Осторожно, водопой!

Watering hole – одна из разновидностей многоуровневых целенаправленных кибератак. Впервые я услыхал о ней на каком-то семинаре по безопасности, а вот подоспел и весьма показательный пример из реальной жизни.

Дословно watering hole действительно означает водопой, хотя имеется и более современное неформальное значение – бар/паб/кабак, где принято опрокинуть рюмку-другую после работы. Известно, кстати, что такие места уважали шпионы-вербовщики практически всех мировых разведок, так что перенос «лучших практик» в киберпространство вполне ожидаем. Со своей, естественно, спецификой.

Схема атаки примерно такова: находится какой-то более-менее специальный сайт (раздел, страница), который посещает именно необходимая категория жертв; он максимально незаметно взламывается, чаще всего с целью скрытной переадресации на внешний ресурс; с последнего, используя какие-то уязвимости в браузерах, на компьютеры жертв загружается вредоносный код, как правило малоизвестный. Собственно, и все, дальше, как говорится, дело техники.
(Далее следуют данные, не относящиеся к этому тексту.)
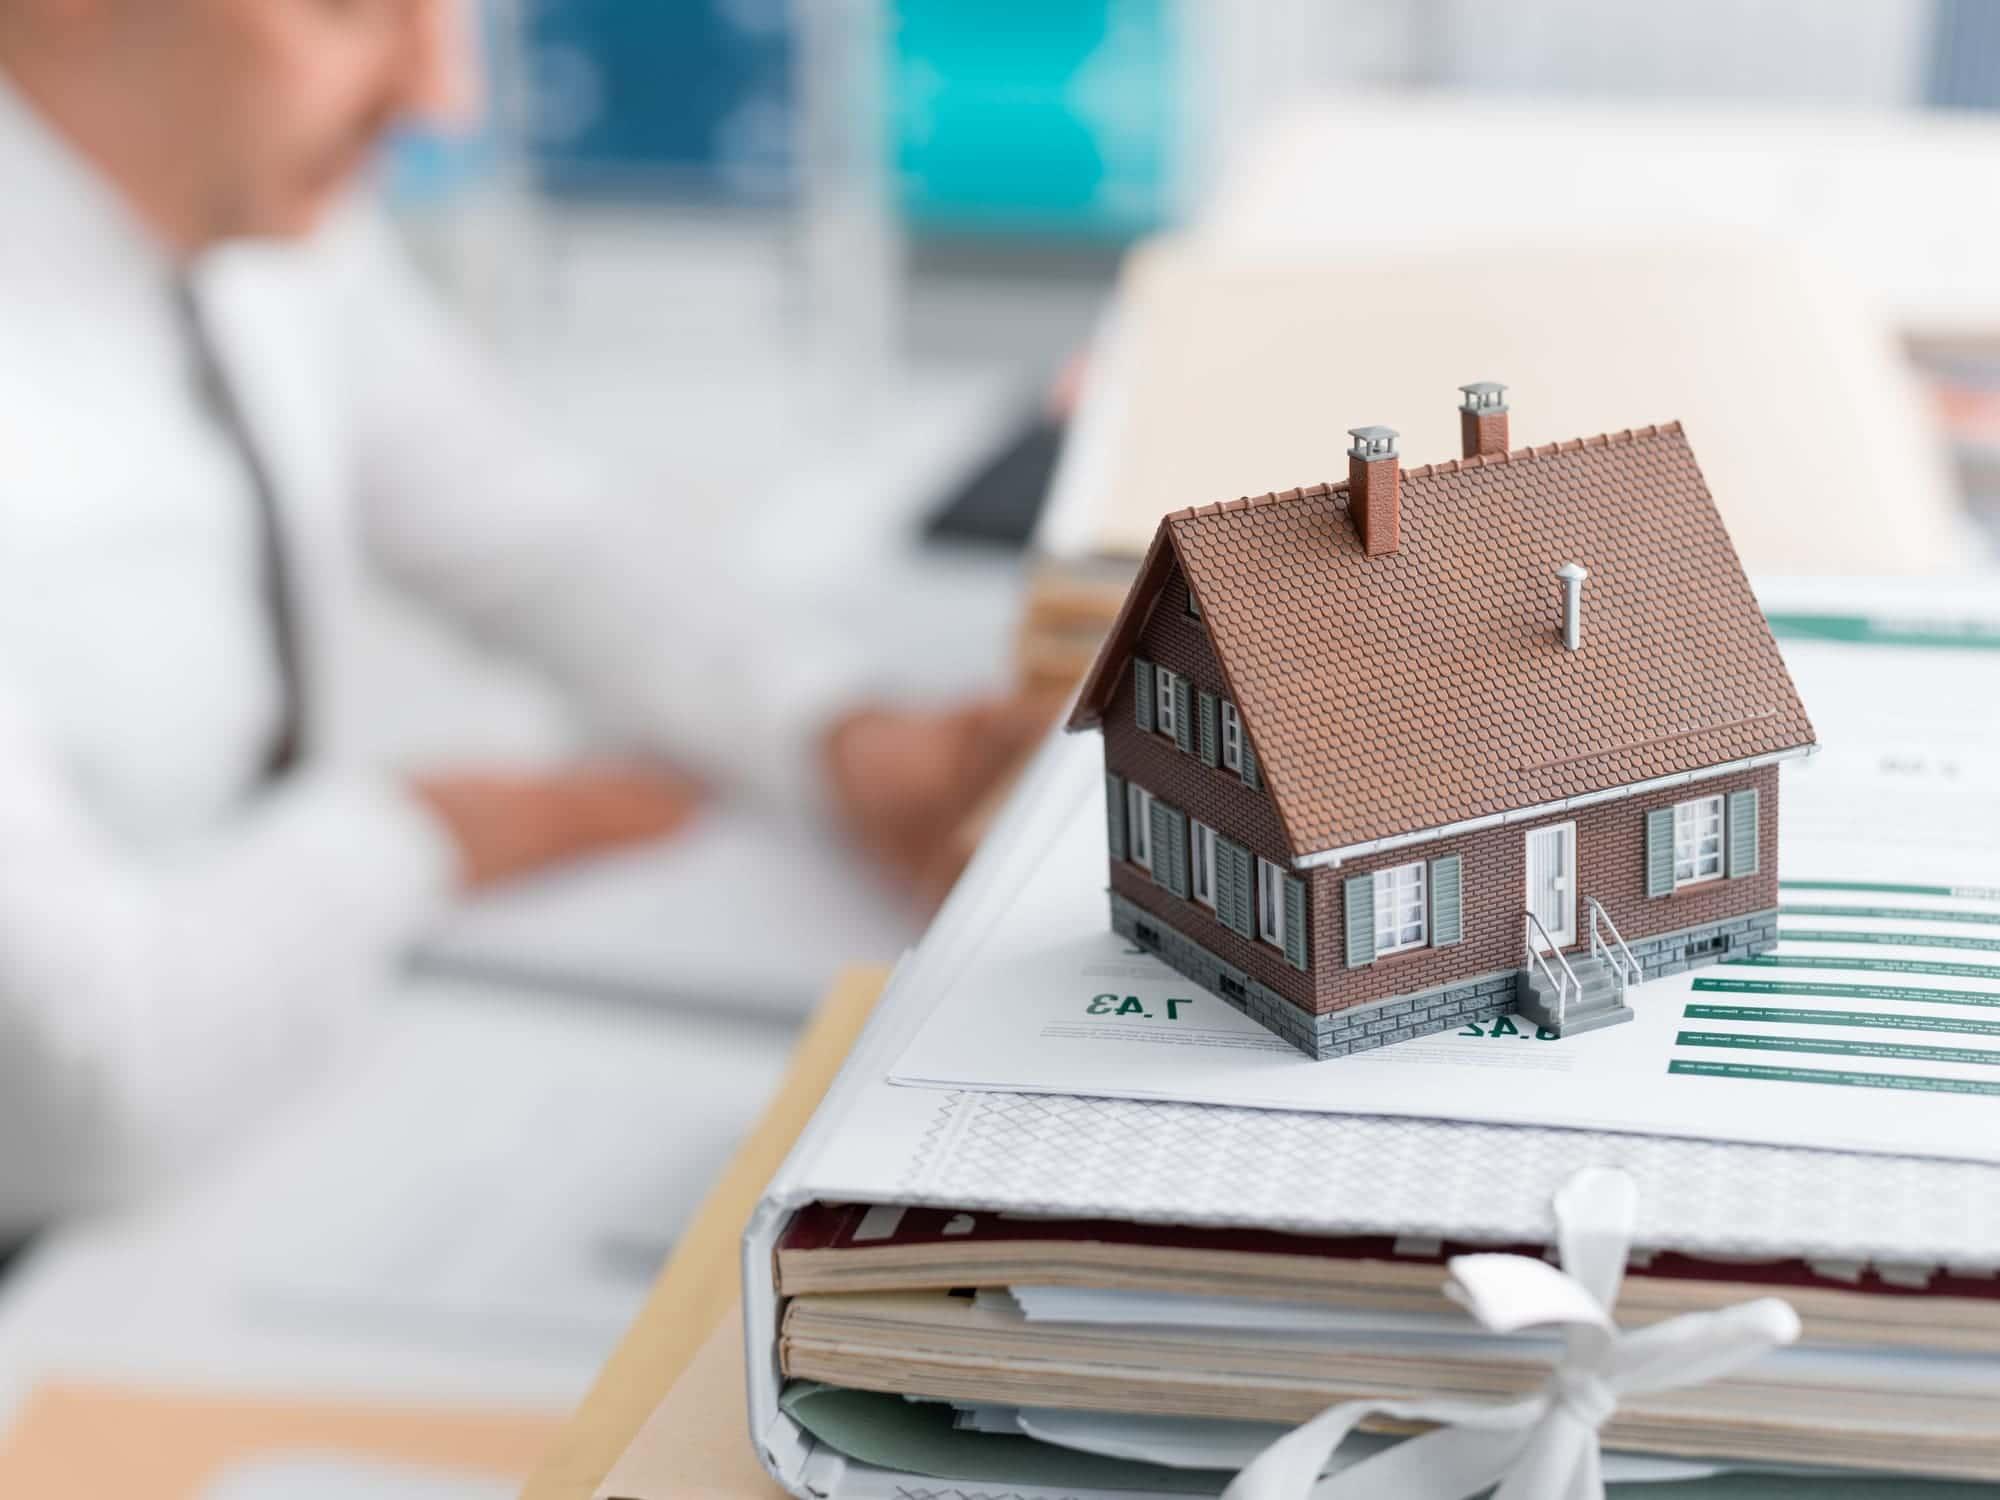 Какие нужны документы для оформления квартиры в собственность в Санкт-Петербурге

Упомянутый реальный инцидент, подробно описанный компанией Invincea выглядел следующим образом. Вначале был взломан сайт Министерства труда США, конкретно, его разделы, популярные у сотрудников Министерства энергетики, в частности, посвященные опасности для здоровья персонала, вовлеченного в разработку ядерного оружия.

Внедренный JavaScript-код переадресовал пользователей на сайт злоумышленников, который задействовал неизвестную (0day) уязвимость Internet Explorer 8 для Windows XP. Microsoft ее уже признала и до выпуска патча рекомендует обновить браузер или скорректировать настройки безопасности. С этого сайта загружался необычный вариант трояна Poison Ivy, который распознавался только двумя из 46 популярных антивирусов.

О целях злоумышленников можно только догадываться, хотя выбор целевой аудитории достаточно красноречив. Естественно, после обнаружения атаки ее последствия были ликвидированы, но сколько она продолжалась незамеченной не сообщается.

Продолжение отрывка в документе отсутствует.